Вообще-то этой утилитой пользоваться запрещено, она нарушает какие-то права звонящего, но я упрямо держусь мнения, что мои права нарушают еще больше, когда звонят, когда хотят и кто изволит. А если кто и поинтересуется, не побеспокоил ли меня, не занят ли я чем-то важным, то это уже потом, в разговоре.

– Контакт, – бросил я, и сразу же щелкнуло невидимое реле. Я нарочито оставил этот звук, мол, с этого момента материться низзя, уже в эфире.

Из динамиков раздалось:

– Володенька, это я, Томберг!.. Прости, что беспокою, но ты говорил, что у тебя есть какая-то особая энциклопедия…

– Да никакая не особая, – ответил я, – просто полная и постоянно пополняемая.

– Да? А то я все бумажными, бумажными… Вот наткнулся на один термин, но статьи по нему не обнаружил. Много косвенных данных, позволяющих получить некое представление, но нет определения…

– Заходите, – пригласил я. – Я сброшу вам на сидюк.

– Спасибо, спасибо, Володенька!

– Да что вы, не за что, – ответил я весело. – Жду.

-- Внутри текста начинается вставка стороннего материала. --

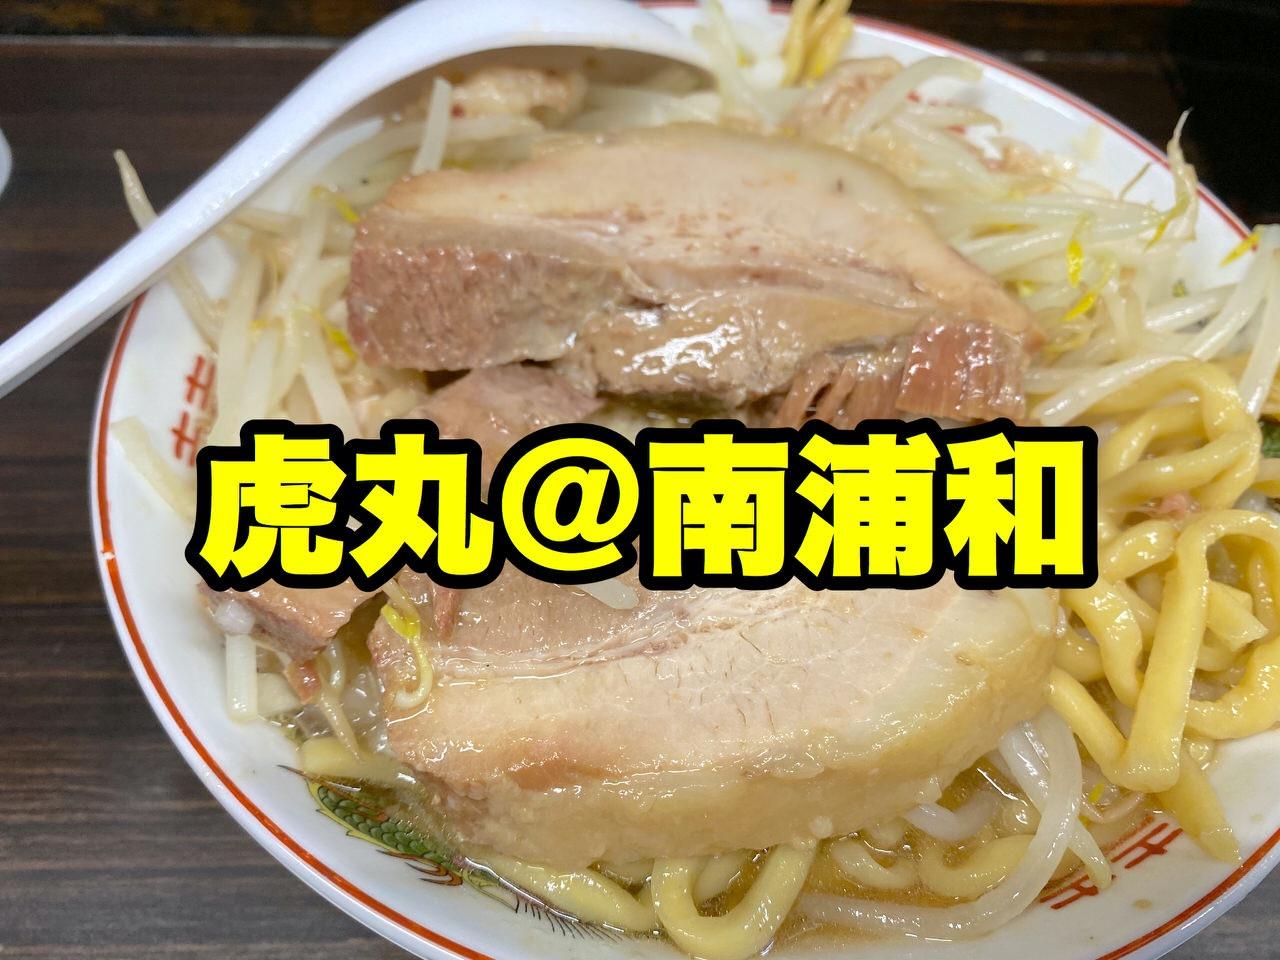 「らーめん虎丸」まろやかで美味しい二郎系!ミニラーメン200gのペロリと食べられる安心感(南浦和)
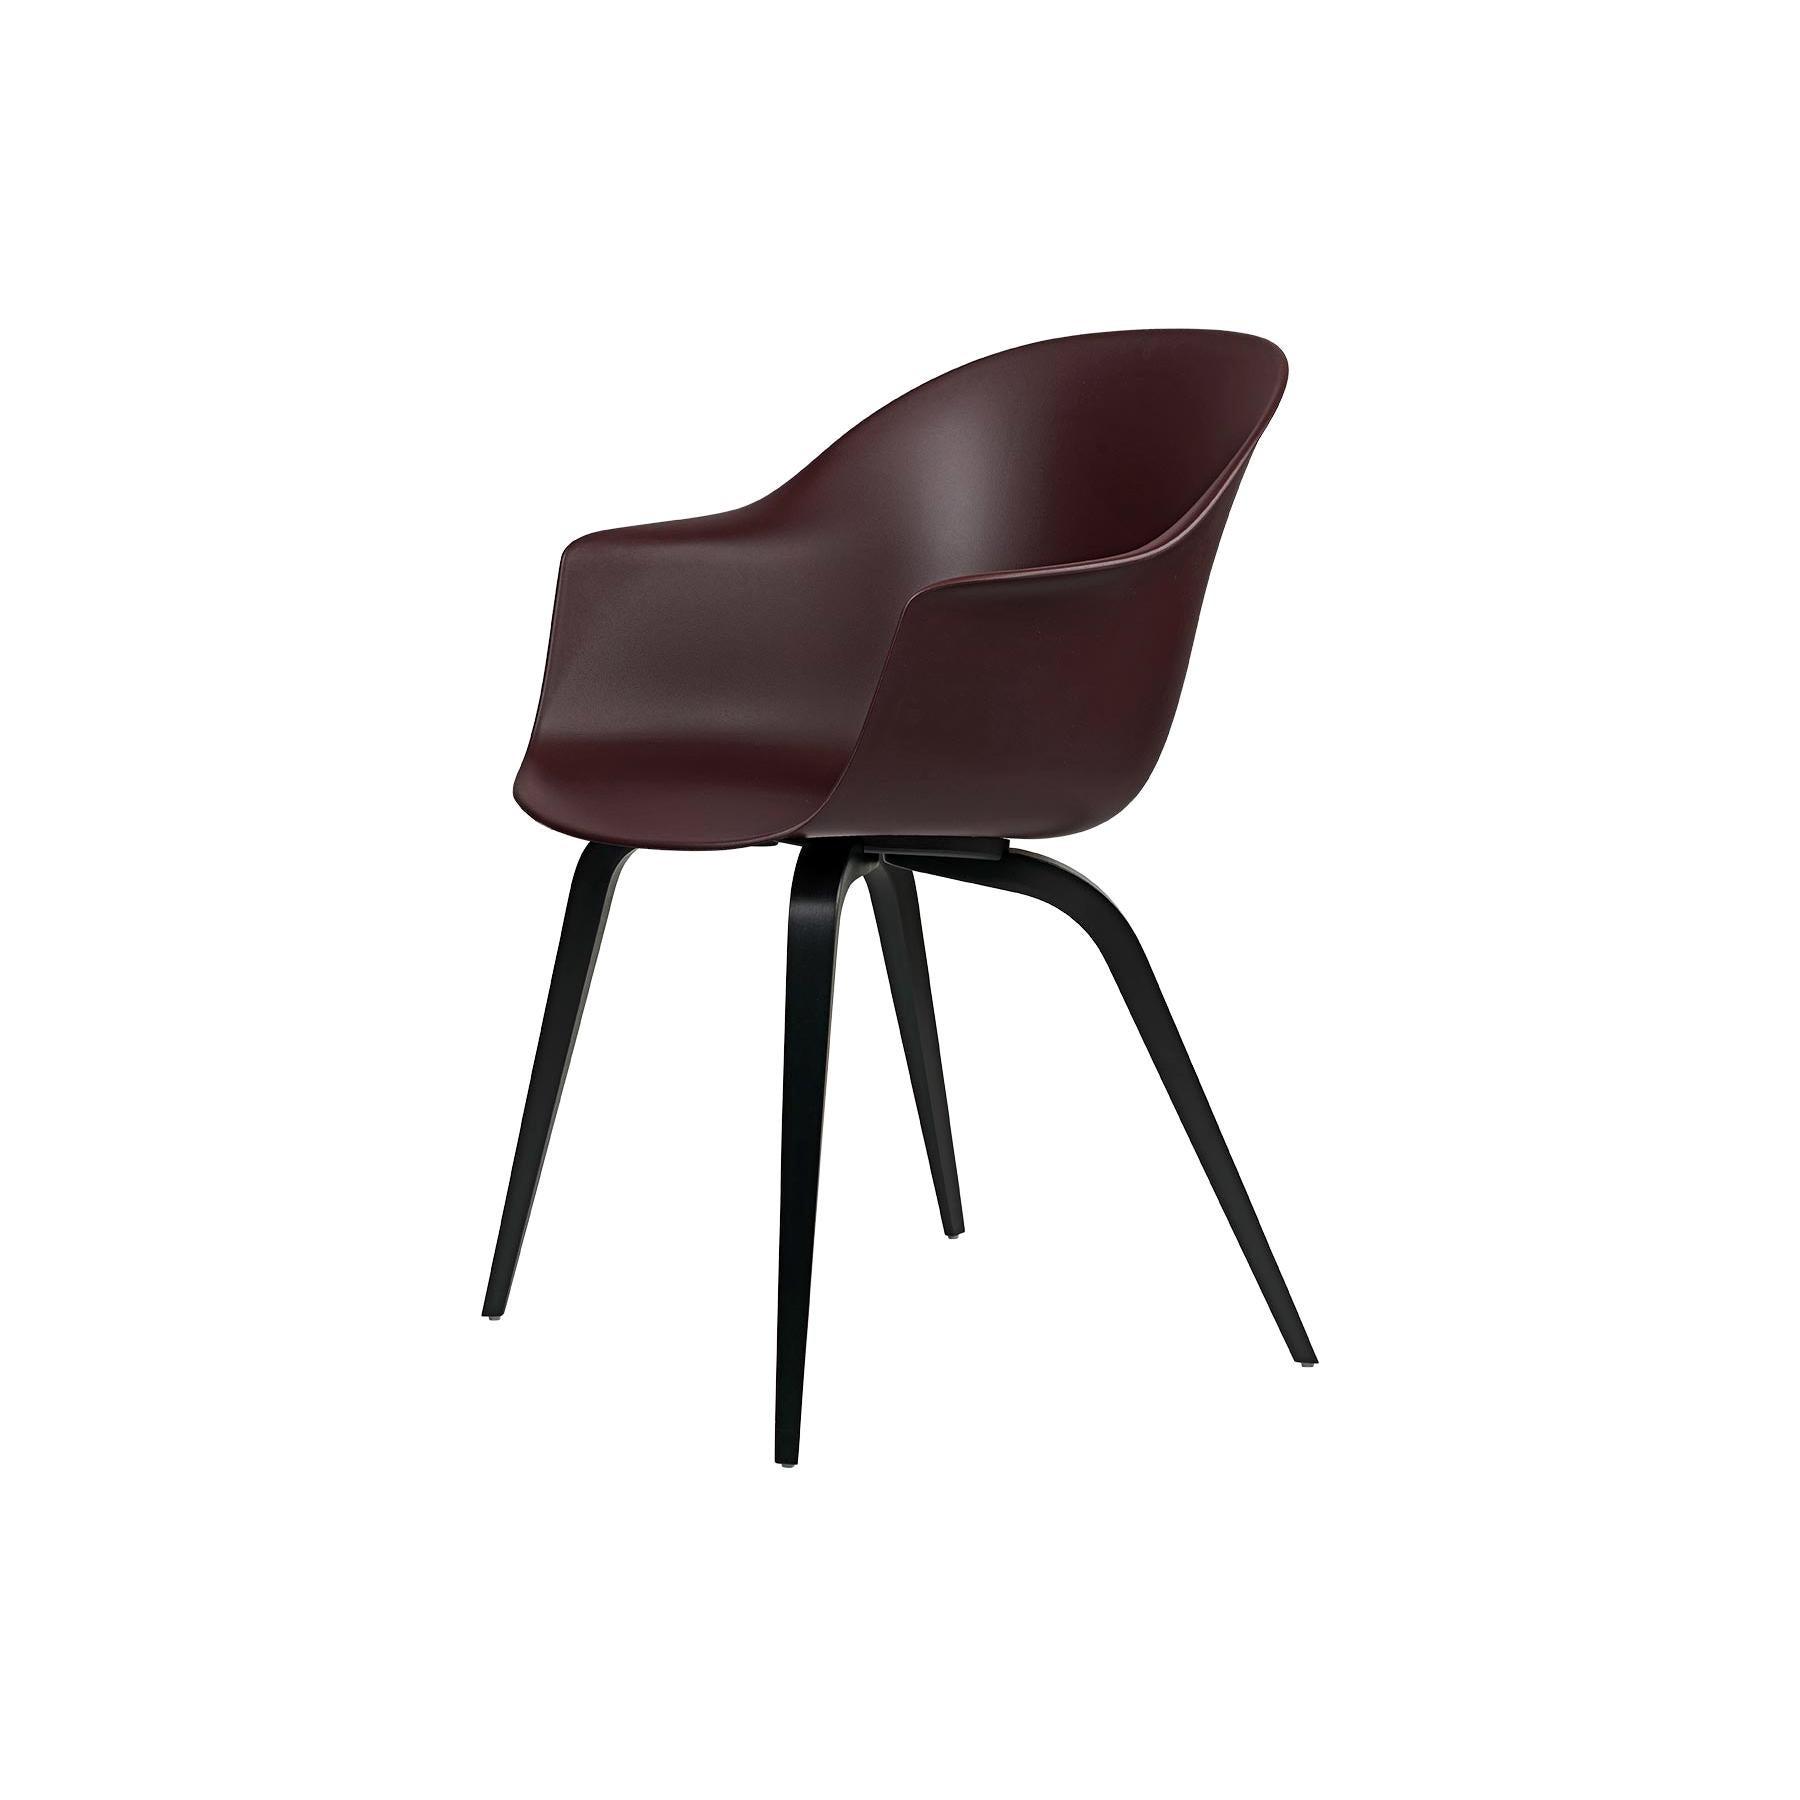 Bat Dining Chair, Un-Upholstered, Natural Oak

– Когда к вам будет удобно?

– Да прямо щас.

– Спасибо, спасибо, Володенька!

– Да что вы, не за что.

Только бы не спросил про эйнастию, мелькнула мысль. А так, я уверен, в моем банке данных есть все обо всем. Энциклопедии на бумаге – нонсенс, данные быстро устаревают, энциклопедии считаются неполными еще на стадии печати, зато электронные – постоянно пополняются через Инет.

Писатели к Интернету приспособиться не могут. Это делают те, кто еще не писатель, но чувствует зуд «творить», что-то делать со словом, создавать какие-то миры… У них нет никакой ломки, страстного желания сохранить традиции. Они сразу принимают новые условия игры, сразу используют возможности электронных книг: тот же шрифт и цветные иллюстрации, которые, кстати, можно зумить, но плюс еще музыка, звуки, а при чтении, к примеру, сцены схватки на мечах раздаются характерные металлические удары, тяжелое дыхание, конский храп…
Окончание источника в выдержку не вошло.